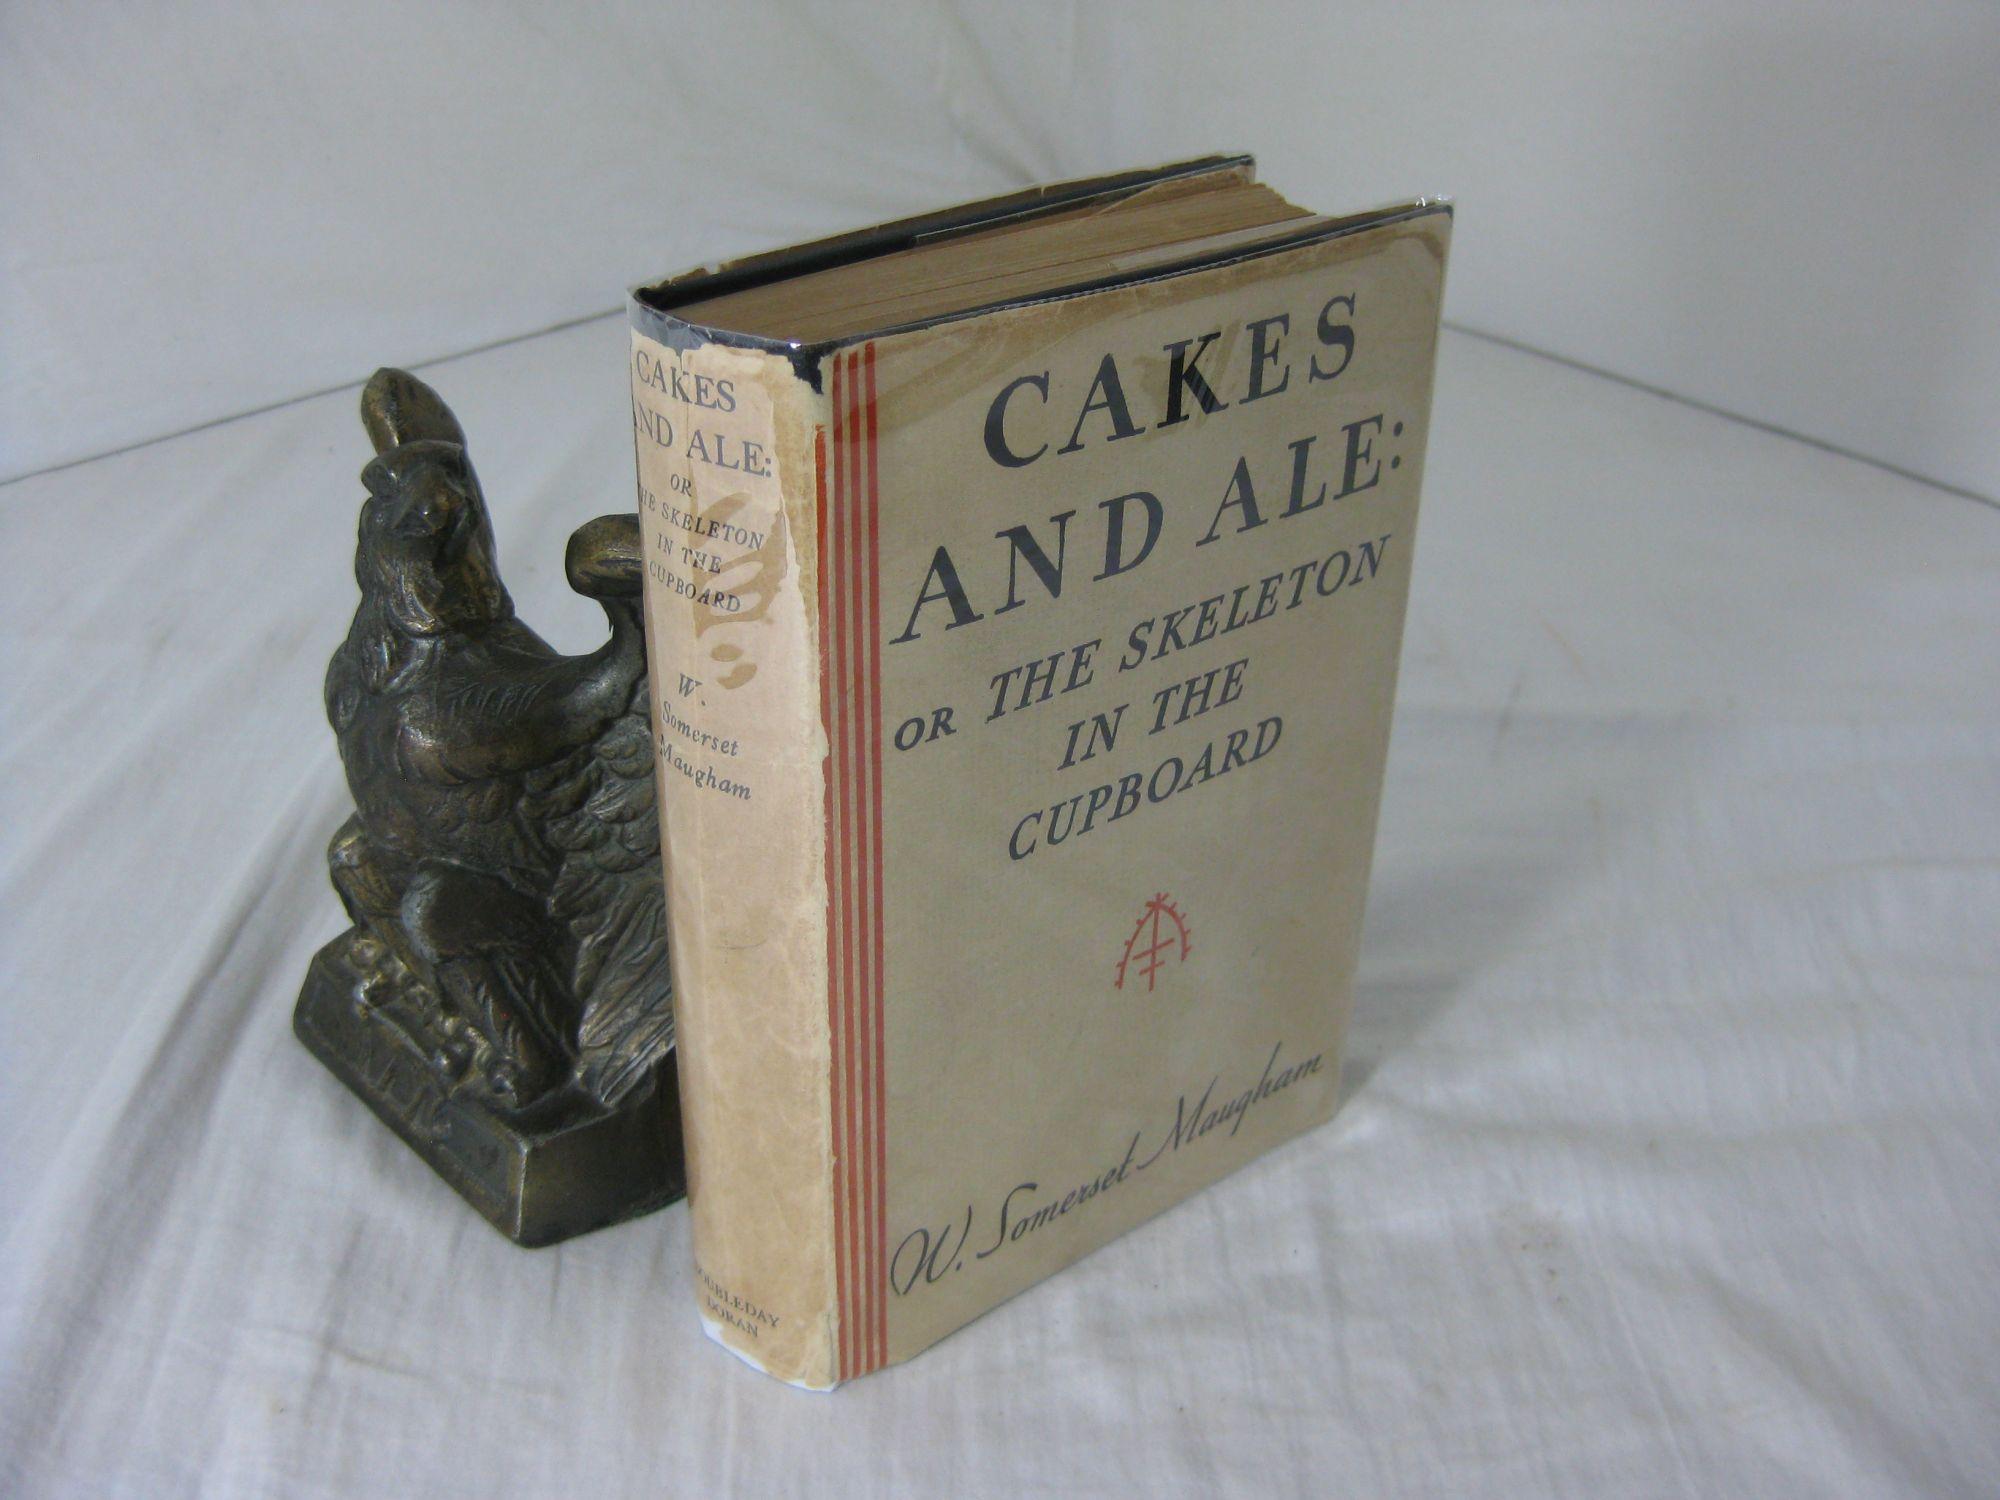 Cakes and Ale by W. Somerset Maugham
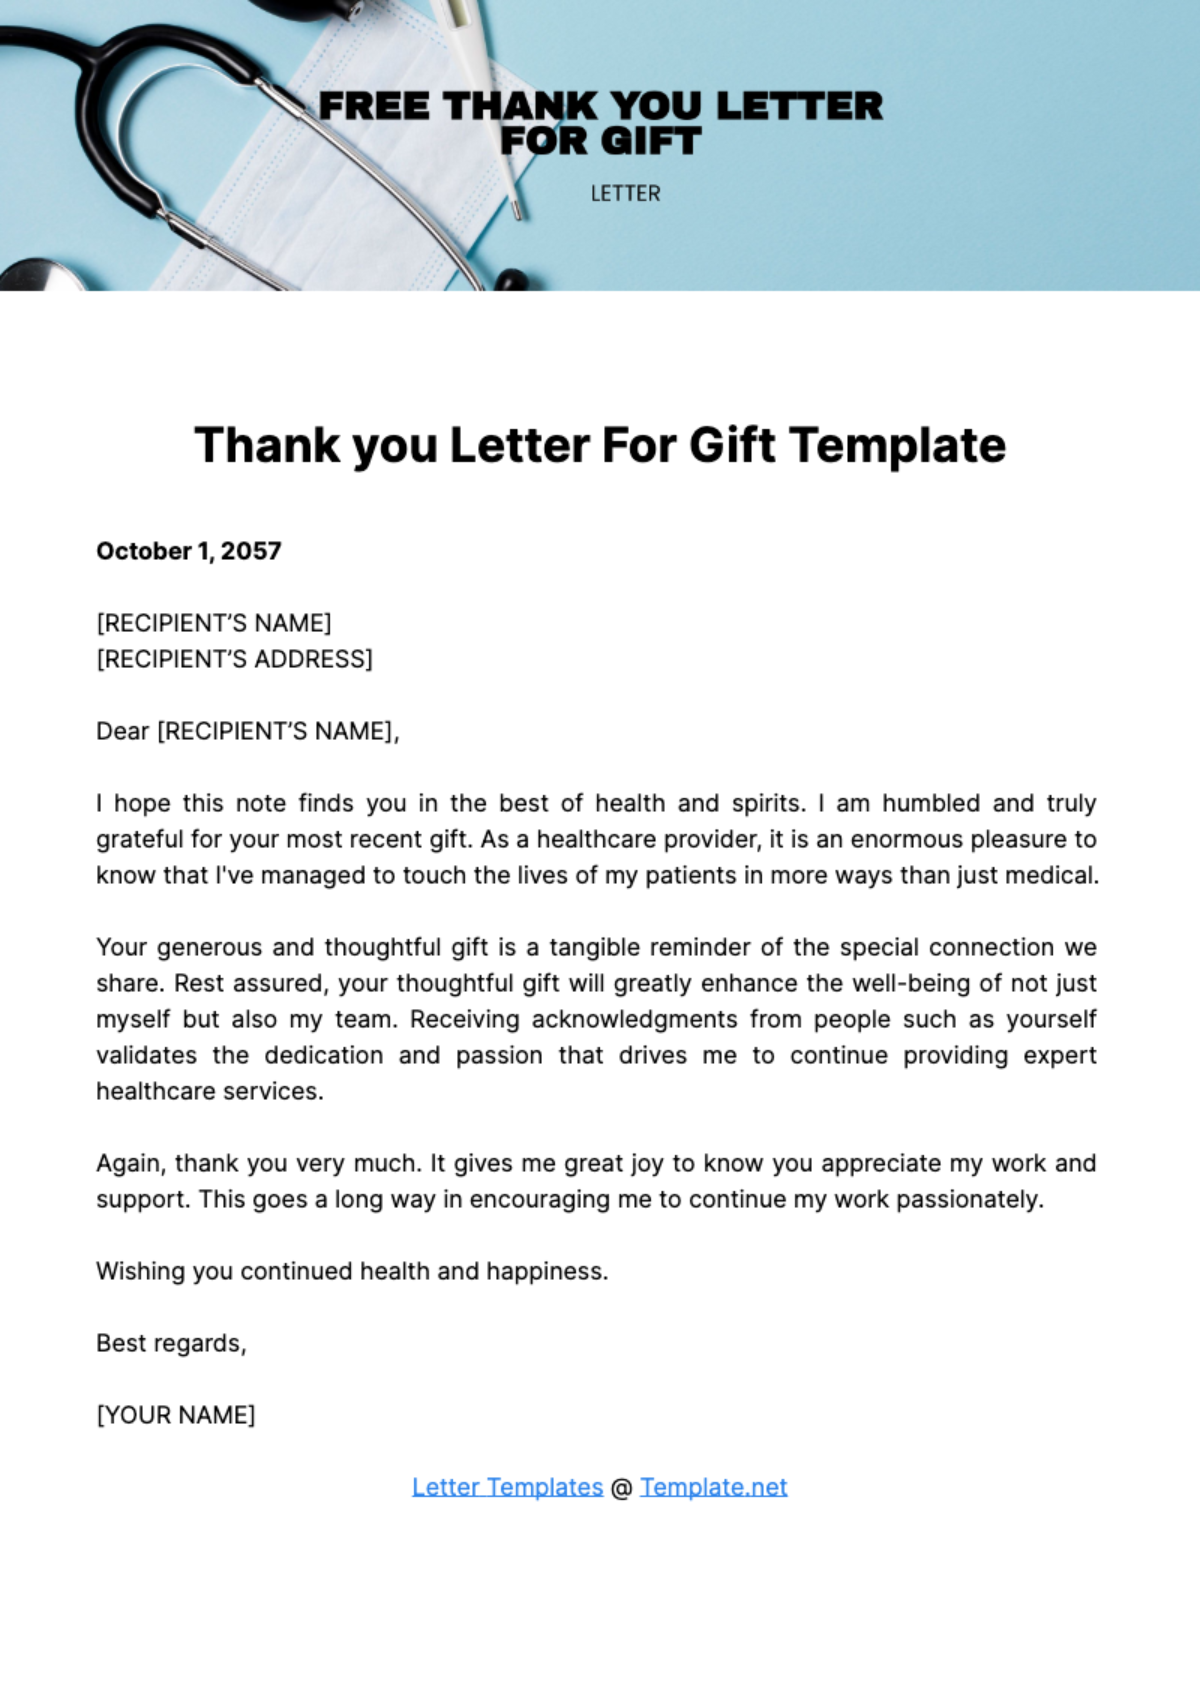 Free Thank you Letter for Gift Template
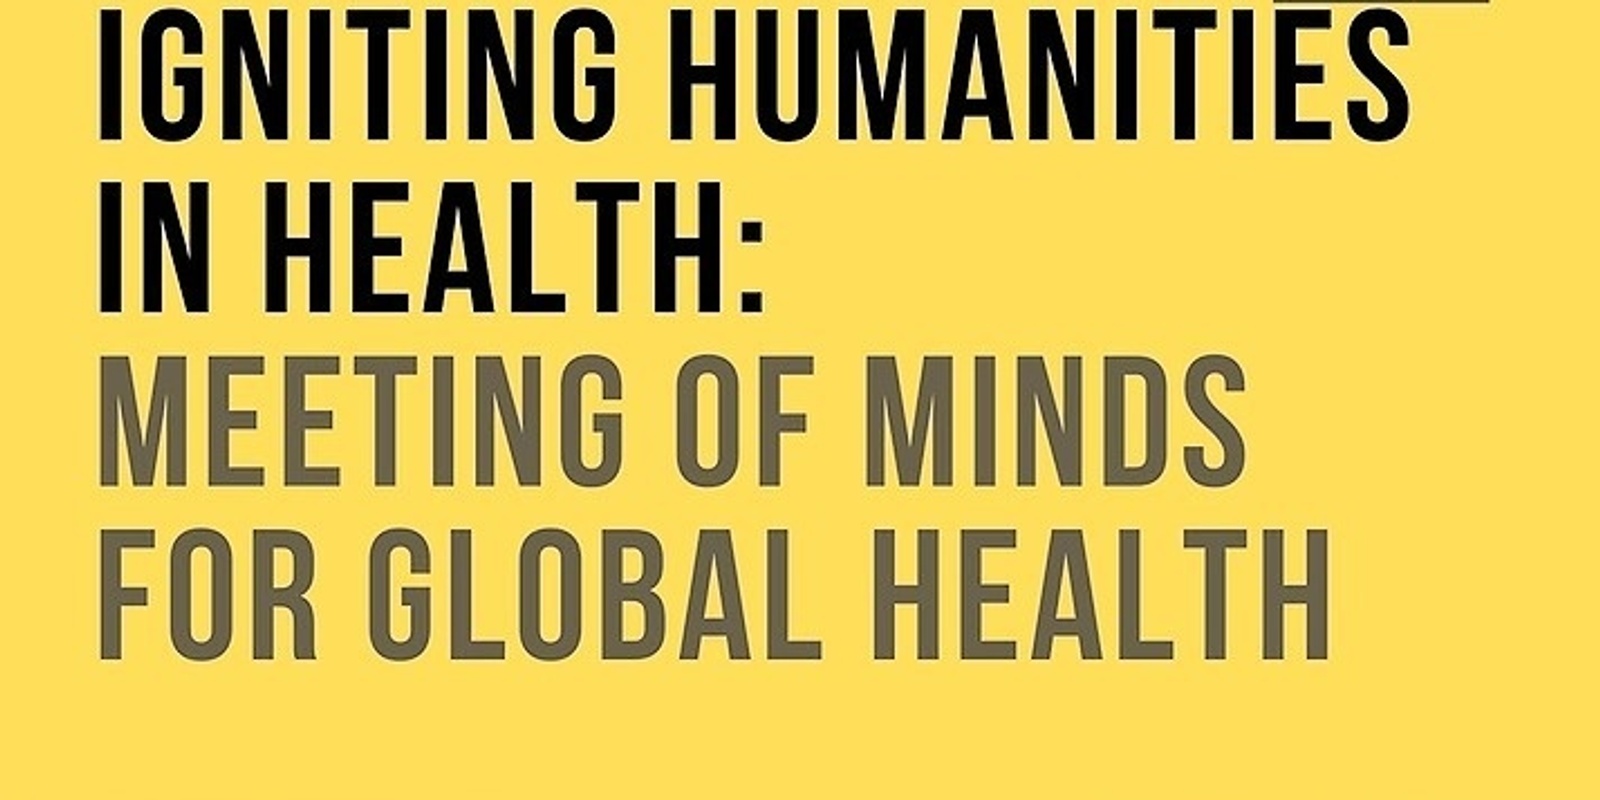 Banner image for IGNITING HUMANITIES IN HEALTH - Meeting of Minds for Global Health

### PROBLEM DESCRIPTION
Please give the data again unaltered, leaving out any images.

### SOLUTION TO THIS PROBLEM
 Cakes and Ale by W. Somerset Maugham
 Free Thank you Letter for Gift Template
 Banner image for IGNITING HUMANITIES IN HEALTH - Meeting of Minds for Global Health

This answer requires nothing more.